Ongeri, 49, is arguably the most senior-most Kenyan to have worked in the US financial sector, famously referred to as Wall Street.
According to his LinkedIn account, he boasts over 23 years in experience, 18 of them at Barclays.
He left his last job as a managing director responsible for global corporates at Barclays International, New York in July 2019 after eight years serving at the capacity he assumed in July 2011.
On February 20, 2019, it recorded a net asset value of over Ksh20.6 trillion ($20.52billion) as indicated in the firm’s strategic report on the performance review for the financial year 2018.
The young Ongeri’s journey to the helm of corporate America is a rather impressive one, comprising stints at other giant institutions.
“I have never thought of that really,” Ongeri conceded when asked if he knew he would make it to where he is by US magazine Lifestyle.
He seeks refuge in understanding the demands of his career and the moral belief in work and religious ethos of the Seventh Day Adventist Church is an alumnus of St Mary’s School, Nairobi, where he completed his “O” levels.
“My faith has been central in my life through the highs and lows,” Ongeri stated.
After St Mary’s, he landed a job at Kenya Savings and Mortgage, a housing finance entity that later shut down.
He is an alumnus of Moi Forces Academy in Nairobi where he completed his “A” levels, specialising in mathematics, geography and economics, and is a profound fan of the abolished 7-4-2-3 education curriculum that was scrapped by former President Daniel Toroitich Arap Moi in 1984.
“Don’t undervalue the skill sets you have accrued from learning in Kenya.
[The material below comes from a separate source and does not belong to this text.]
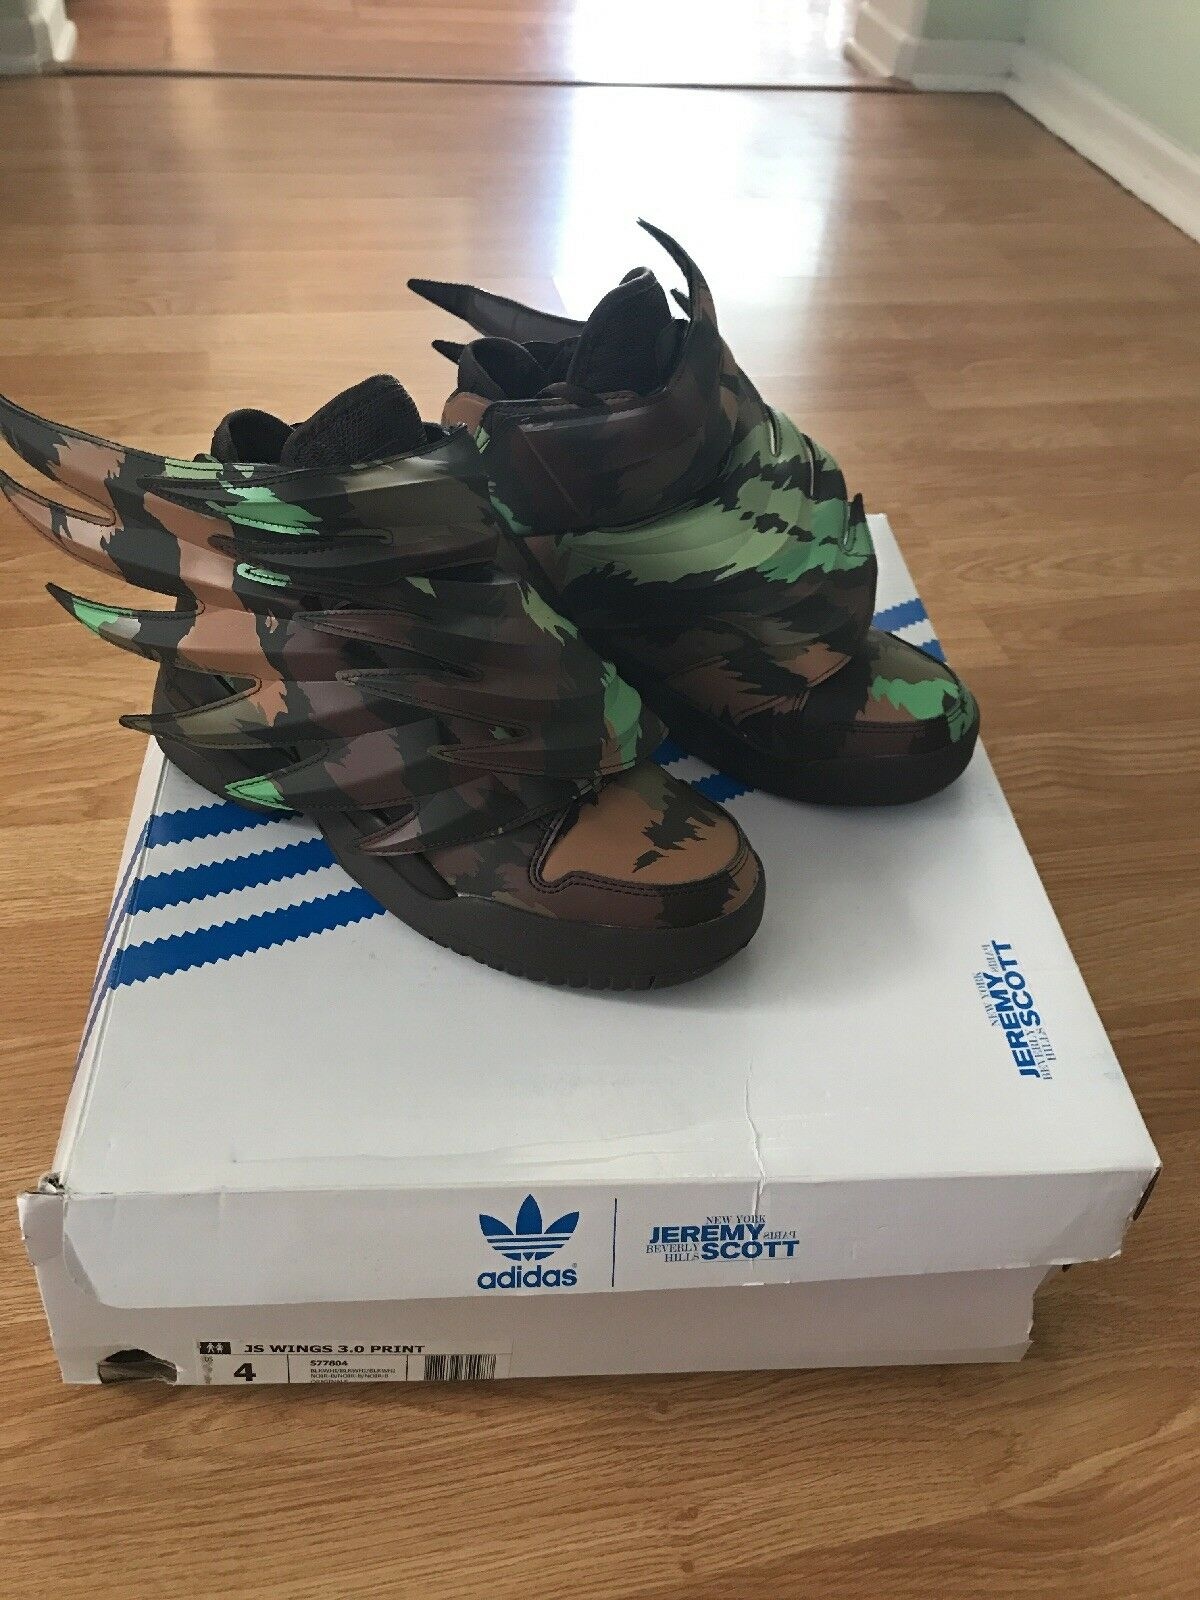 Adidas original  Jermey Scott comodo alas 3.0 Camo Sauvage comodo Scott fd179c

These, coupled with the experience I had at the firm, gave me the essential skill sets to pursue finance,” he told Lifestyle.
Ongeri joined the National Youth Service in Gilgil, at a time when it was compulsory before advancing to university. He credits his stint at the NYS for the relationships he built and exposure to fellow Kenyans.
He was drafted to join Kenyatta University in September 1988 but later received an admission letter from Howard University in the US.
Ongeri was drawn to the university because of its black population. He left Kenya in January 1989, to pursue a degree in business finance.
“I had these concepts of the US from the media. People were open and didn’t have qualms about speaking their minds. I just wasn’t used to that,” he stated, noting the cultural adjustments he had to make then.
To supplement the money he got from his parents, he served part-time at a petrol station in Washington DC, working what in the US is referred to as the graveyard shift, that is between 10 p.m. and 6 a.m.
He performed exceptionally well, earning a full scholarship from the university, easing the financial stress. In 1990, he interned or three months at then-Maryland Bank National Associates, later acquired by the Bank of America.
“This was my first introduction to corporate America. It opened my thinking to the idea that I could work on Wall Street,” he narrated. In 1991, he interned at JP Morgan, a financial behemoth in New York.
“Until then, Howard had taught me how to write a CV, how to dress and what to say. But at JP Morgan, I learned the things that you are not taught in school the business etiquette. For example, I learned how to dress and to show up on time,” he recounted.
In his senior year at Howard, he sought interviews and was the subject of offers from Goldman Sachs, JP Morgan and Merrill Lynch, probably among the largest financial entities in the world. He settled on Merrill Lynch.
He worked there for three years, starting in 1992 before he went back to school (Havard School of Business) in January 1996.
“Books have been written about surviving the year at Harvard. It is incredibly intense. You are taught to make decisions, stand by them and fight to succeed. Every night we were given assignments which we were required to present in front of colleagues the following morning. These are smart and opinionated. If you are mediocre, you get exposed quickly,” Ongeri stated.
After graduation in 1997, he got a job at JP Morgan and was placed at its African Branch in Johannesburg, South Africa.
He worked at the firm’s capital markets division, servicing both local and international clients for four years before he left to work at Barclays in September 2001.
He served at the capacity of managing director responsible for the financial institution’s debt capital markets at Barclays Bank Plc in New York for seven years, till July 2009, when he was relocated to South Africa yet again.
While in the southern Africa country’s city of Johannesburg, he took up the role of managing director, head of global finance and risk solutions at Absa Capital, an affiliate of Barclays Capital, where he worked till July 2011 before he returned to New York as managing director in charge of corporate banking coverage at Barclays, a position he held till he left in August 2019.
Ngagaka Ongeri’s career is a true epitome of success to society and Kenya as a country.